Все джентльмены разом повернулись, чтобы посмотреть на него. Их было четверо, все очень высокие, и все либо с очками, либо с моноклем.
— Что насчет Кантона? — снова спросил Робин, внезапно занервничав.
— Тише, — сказал профессор Ловелл. — Робин, твои ботинки грязные, ты везде размазываешь грязь. Сними их и пойди прими ванну.
Робин упорствовал.
— Король Георг собирается объявить войну Кантону?
— Он не может объявить войну Кантону, Робин. Никто не объявляет войну городам.
— Тогда король Георг собирается вторгнуться в Китай? — продолжал он.
По какой-то причине это рассмешило джентльменов.
— Если бы мы могли, — сказал мужчина с глубоким голосом. — Это бы значительно облегчило все предприятие, не так ли?
Человек с большой седой бородой посмотрел на Робина.

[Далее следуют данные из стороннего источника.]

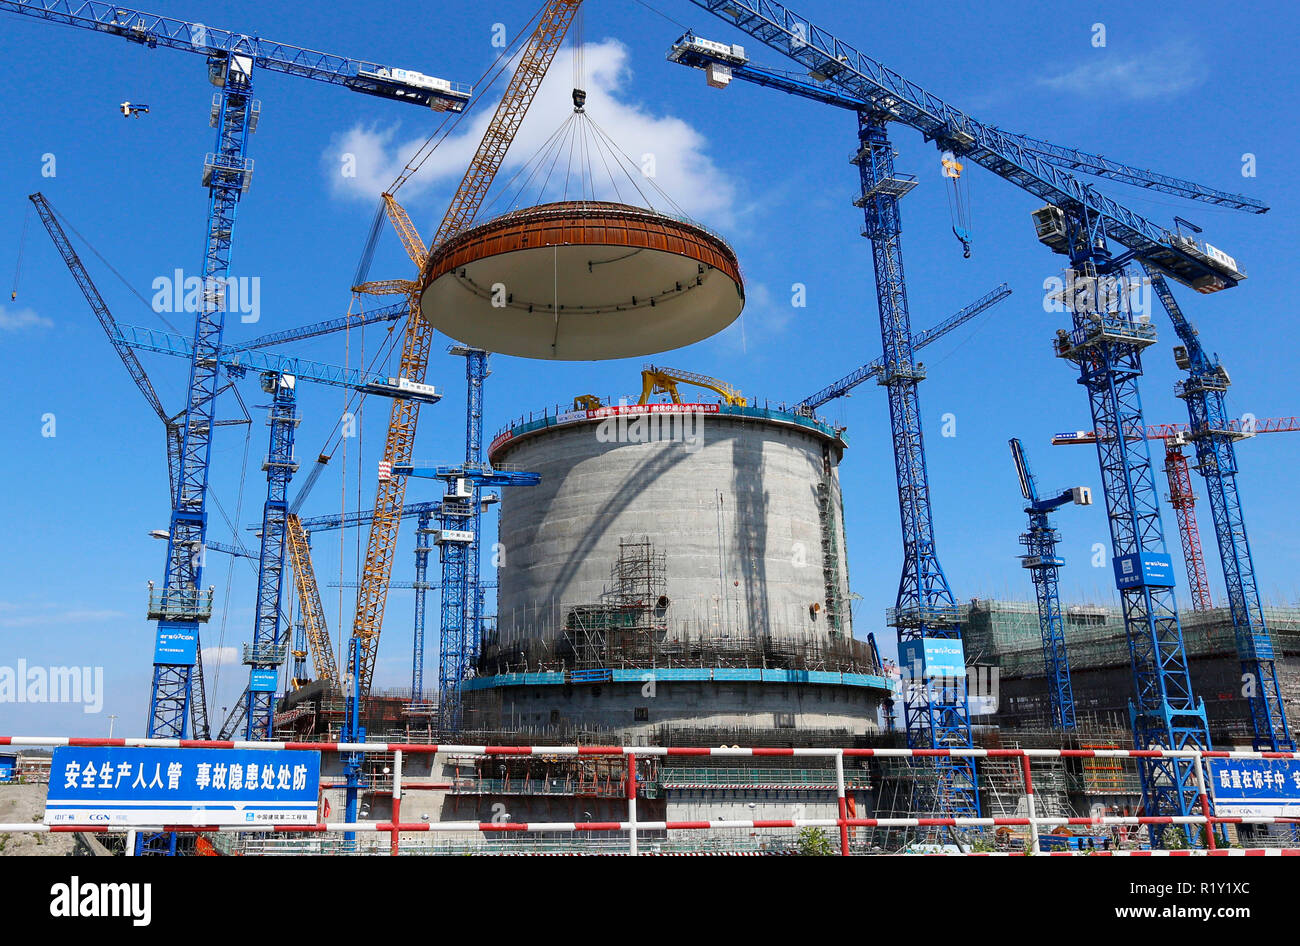 (181115) -- BEIJING, Nov. 15, 2018 (Xinhua) -- Photo taken on May 23, 2018 shows the installation site of a hemispherical dome at the No. 3 unit of Fangchenggang nuclear power station in south China's Guangxi Zhuang Autonomous Region. According to the National Bureau of Statistics, China's power generation rose 7.2 percent year-on-year in the first 10 months of 2018. In October alone, China generated 533 billion kilowatt-hours (kWh) of power, up 4.8 percent year on year, faster than the 4.6-percent growth in September. The average daily power generation reached 17.2 billion kWh, edging down fr Stock Photo

— И кому ты будешь верен? Здесь или дома?
— Боже мой. — Четвертый мужчина, чьи бледно-голубые глаза показались Робину нервирующими, наклонился, чтобы осмотреть его, как будто через огромное, невидимое увеличительное стекло. — Это новый? Он еще больше похож на тебя, чем предыдущий...
Голос профессора Ловелла прорезал комнату, как стекло.
— Хейворд.
— Действительно, это сверхъестественно, посмотрите на его глаза. Не цвет, а форма...
— Хейворд.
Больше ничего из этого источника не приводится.